Got lucky today, I bought a bike from a guy and followed the trail to his garage where I ended up buying quite the haul. 
The top three accessories and the really clean Shelby badged as a local Fox from Richmond, VA. 

I'll get a better picture of this bike tomorrow, any ideas on the accessories are welcomed, stock info etc.

Jesse


----------



## Jesse McCauley (May 6, 2014)

*Selling and Trading*

I'm going to sort through things a bit more, get some good photos, and post to the sell-trade section. 

I would love to know what sort of Shelby this is underneath the fenders and rack. Also wondering if the light on the front is original? 

I can't find any makers information on the other dual light either, any ideas on maker? 

How about that turn signal, any bike that would have had that stock? 

Thanks everybody! I'll get a round of good pictures tomorrow of the Shelby.


----------



## bike (May 7, 2014)

*Shelby*

very cool very rare!


----------



## bricycle (May 7, 2014)

Horn is Delta, vintage 1947 ish (had one)


----------



## stoney (May 7, 2014)

Nice find, I would be happy just finding the loose parts.


----------



## Freqman1 (May 7, 2014)

I know of at least a few people looking for a set of Delta Siver Rays. Hell I might be interested! V/r Shawn


----------



## JAF/CO (May 7, 2014)

Jesse
Am interested in girls shelby
If you have a price let me know
Thanks Jim.  Jaf


----------



## Wayne Adam (May 7, 2014)

*Lights*

He Jesse,
  I really could use those Dual Silver Rays for my '37 Roadmaster.
 Let me know.
 Thanks...............Wayne


----------



## bricycle (May 7, 2014)

Wayne would be a great customer, loyal too!


----------



## Jesse McCauley (May 7, 2014)

*Psa*

Just wanted to let everyone know that shortly after taking some good photos of the bike (which I'll post shortly) for posterity, it found a new home. 
I had a dream I would keep it myself but it found a good home and I couldn't afford to turn down the local offer w/out shipping and the inevitability that it looks "good from far, far from good". 

Sorry to the many guys and gals that really wanted this bike, I know they don't come around often but if it makes you feel at all more optimistic I am scouring the under-appreciated parts of Richmond every day for more treasure.

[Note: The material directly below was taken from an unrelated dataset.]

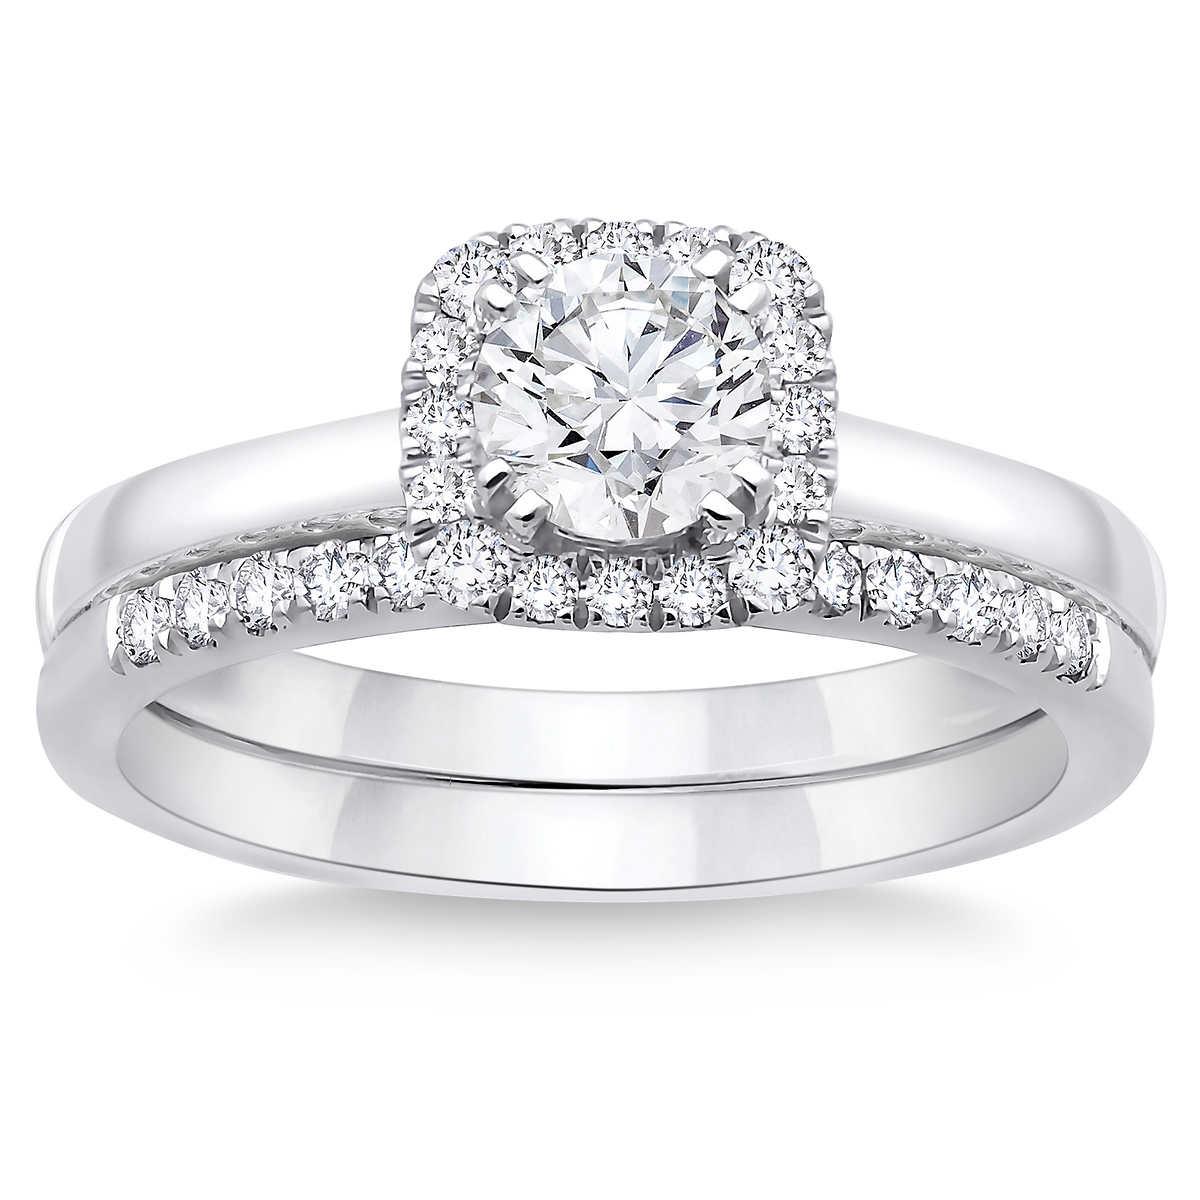 Round Brilliant 0 80 ctw VS2 Clarity 2C I Color Diamond Platinum Wedding Set product wedding set Click to Zoom

Another consolation, I have some really nice fresh-to-market accessories and components I'm about to put up for sale so I may still have something you need to finish a project.


----------



## fordmike65 (May 7, 2014)

Dangit! Oh well...Hope she stays together & isn't raped of her niceties


----------



## Wayne Adam (May 7, 2014)

*Thanks Brian*



bricycle said:


> Wayne would be a great customer, loyal too!




Thanks Bri !.................Wayne


----------



## THEGOLDENGREEK (May 7, 2014)

Nice bike and find  plus those parts  are a bonus as well!!


----------



## Jesse McCauley (May 7, 2014)

*1940-41 Shelby Rowlett's Fox Deluxe*

I did ensure the bike went to a good home, I didn't want to part it out and I didn't want to see it parted. 
It was badged here in Richmond and it stayed here for 75 years and I didn't want to be the one to send it away. 
Here are some better pictures anyway, it is a beautiful machine.


----------



## fordmike65 (May 7, 2014)

Thanks for the great pics. Glad it will be taken care of. What a beaut!


----------